The first courtroom of the Buenos Aires city Federal Court has removed judge Claudio Bonadio from the so called Hotesur case, following a raid ordered by the judge in Santa Cruz province carried out by Metropolitan Police agents.
The court ruled the nullity of an order issued by Bonadio, after a presentation by Romina Mercado, director of Hotesur and niece of President Cristina Fernández de Kirchner, removing the judge.
Judges Eduardo Freiler and Jorge Ballestero voted in favor of the nullity while Eduardo Farah voted against.
According to a report aired by C5N, the controversial raid ordered by Bonadio was backed with money from the capital’s government, which paid the logistical costs, accommodation and the salaries of the Metropolitan agents involved.
Bonadio had ordered the raid on a real estate company belonging to Máximo Kirchner, the son of President Cristina Fernández and also director of the Hotesur hotel enterprise, investigated for irregularities.
Bonadio, instead of sending Federal police officers as is custom in such cases, used members of the force created by City mayor Mauricio Macri.
In his ruling, Freiler said Bonadio’s actions in the case generated “grave harm to the defendants’ rights”. The magistrate draw attention to the controversial raid carried out in Santa Cruz province with Metropolitan police agents.
“Bonadio delays a decision related to his competence in the case, but issues an order to make several probes that affects people’s rights – I mean presentation orders directed to several private businesses and official organisms – that – again – had an unusual repercussion in massive media,” he said.

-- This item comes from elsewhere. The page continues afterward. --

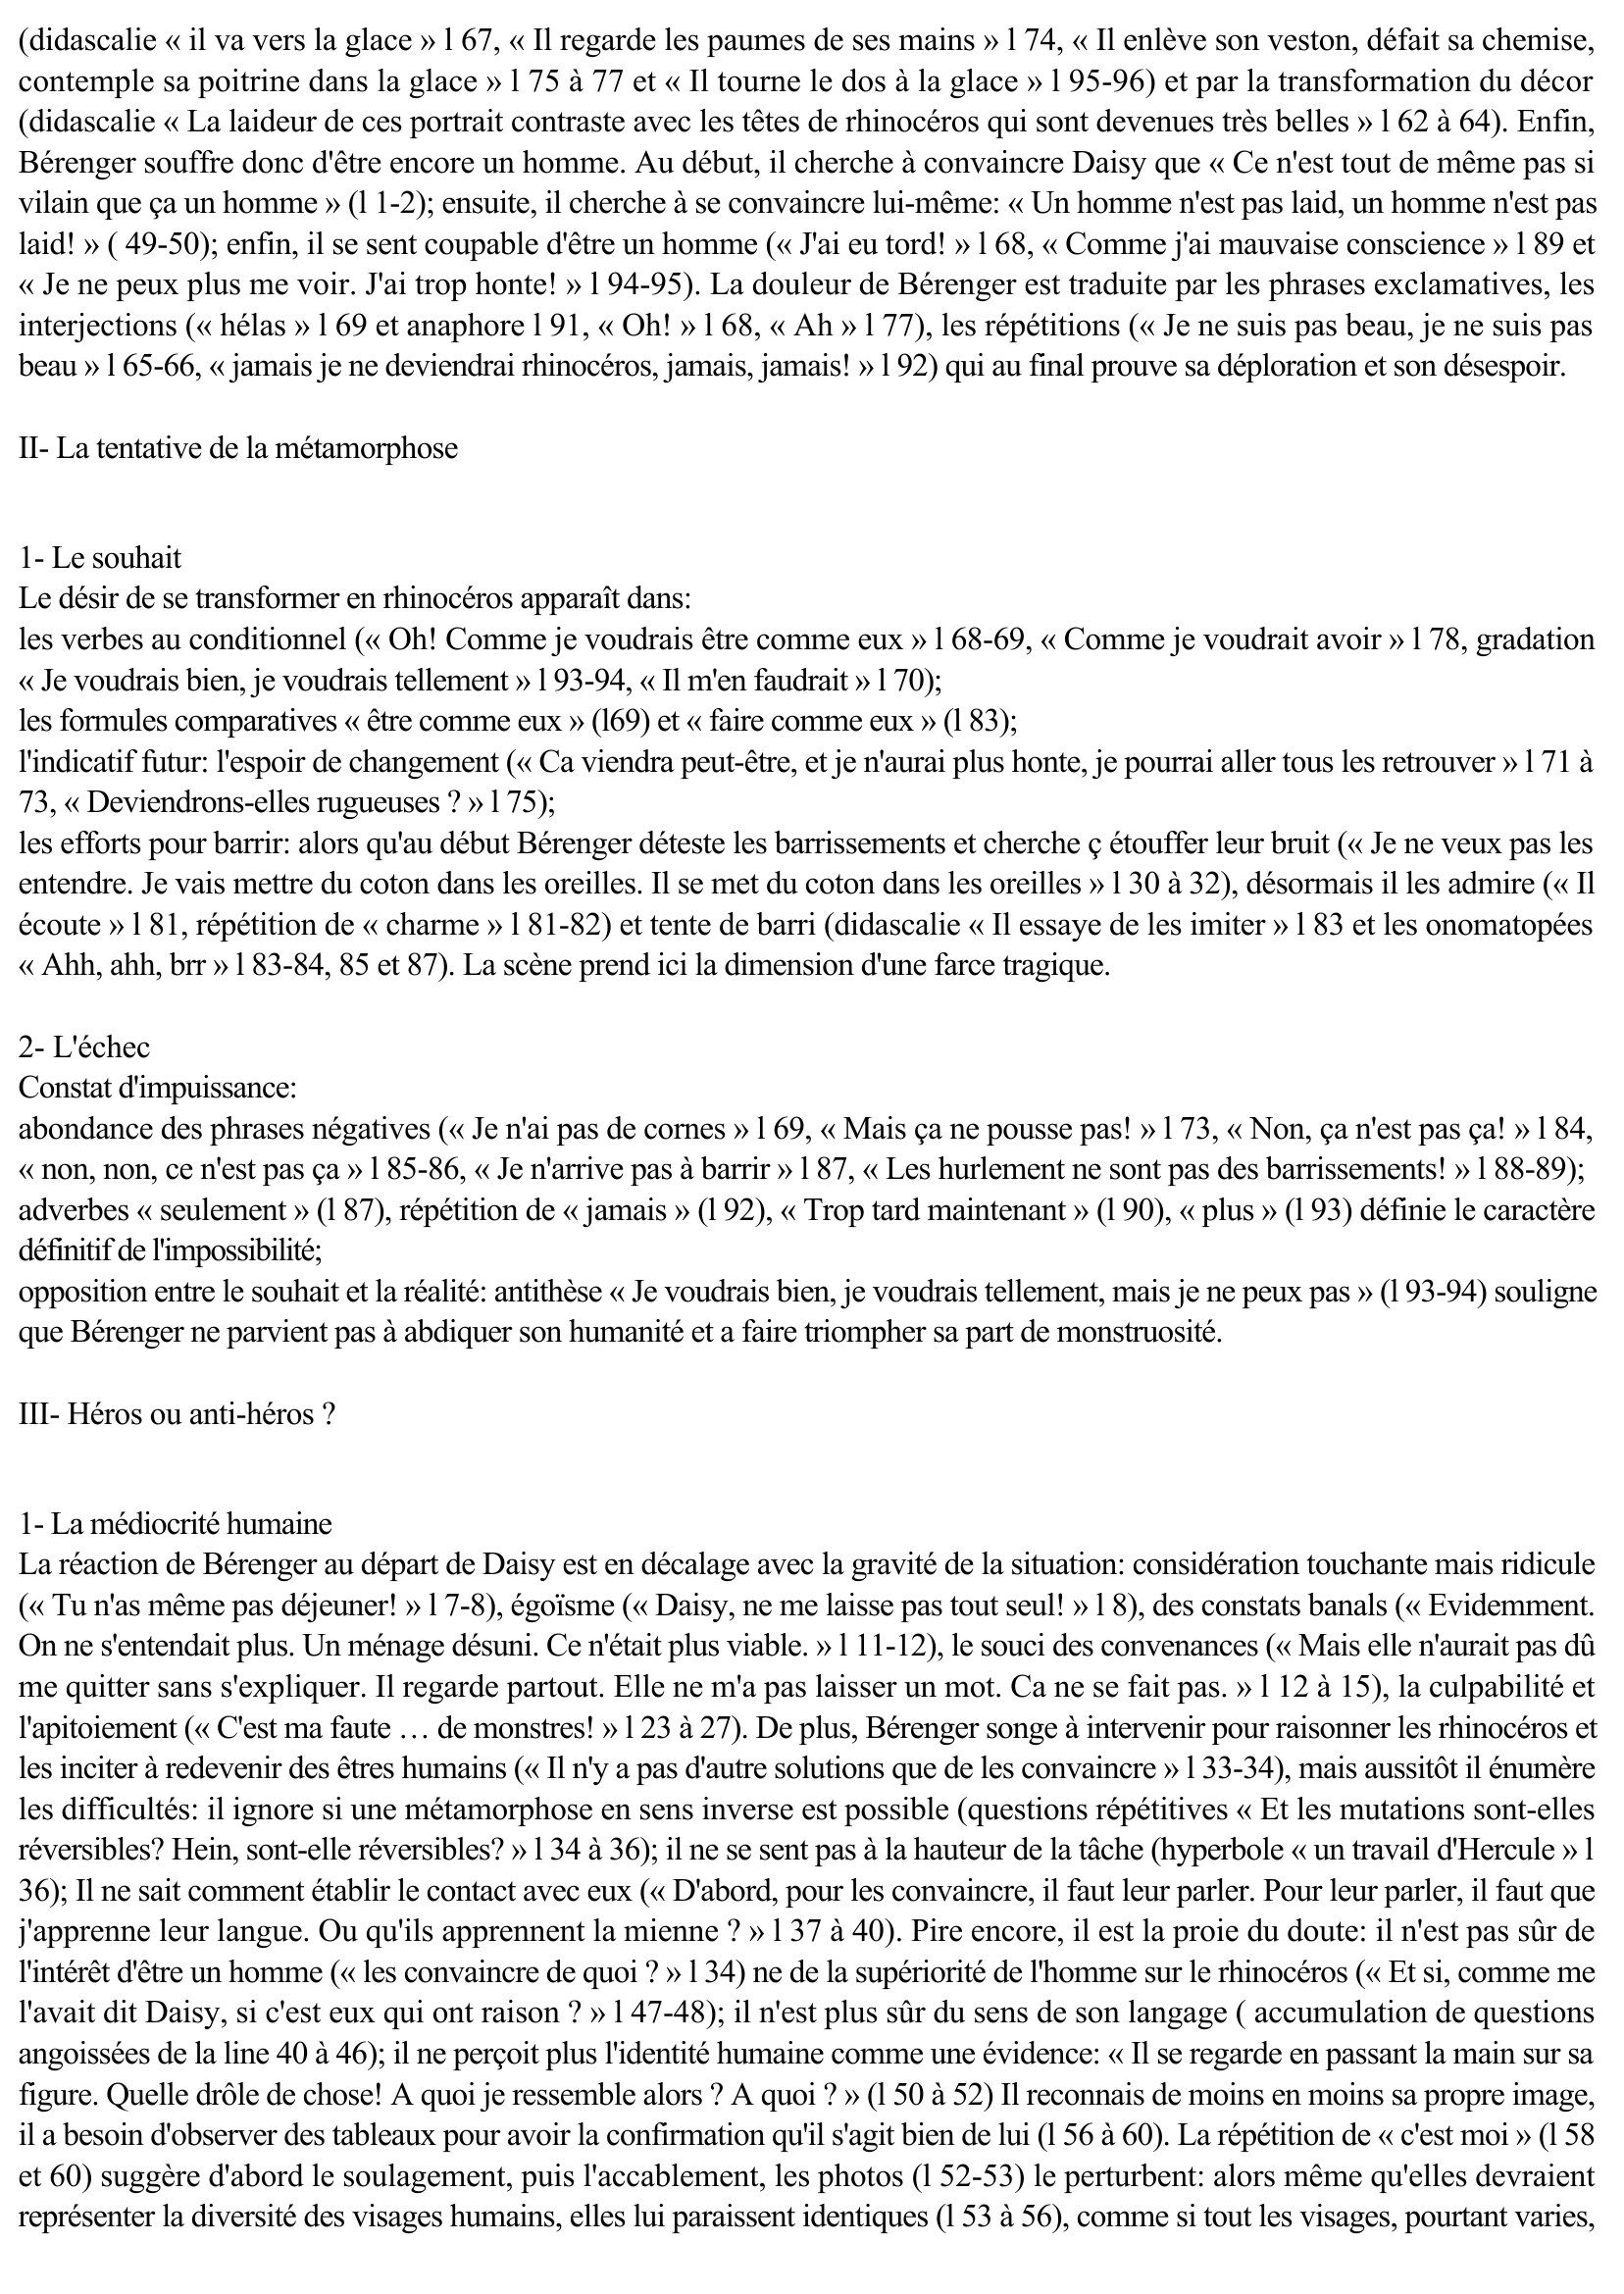 Prévisualisation du document Ionesco, Rhinocéros III Le monologue final

“Furthermore, I cannot avoid mentioning that the judge did not choose any of the federal security forces available to carry out the probes – Federal Police, Gendarmerie, Prefecture, Airport Security Police -, but instead he chose the Metropolitan Police, although the investigation was carried outside its jurisdiction (according to law 2894 of the Buenos Aires city Public Security code),» he added.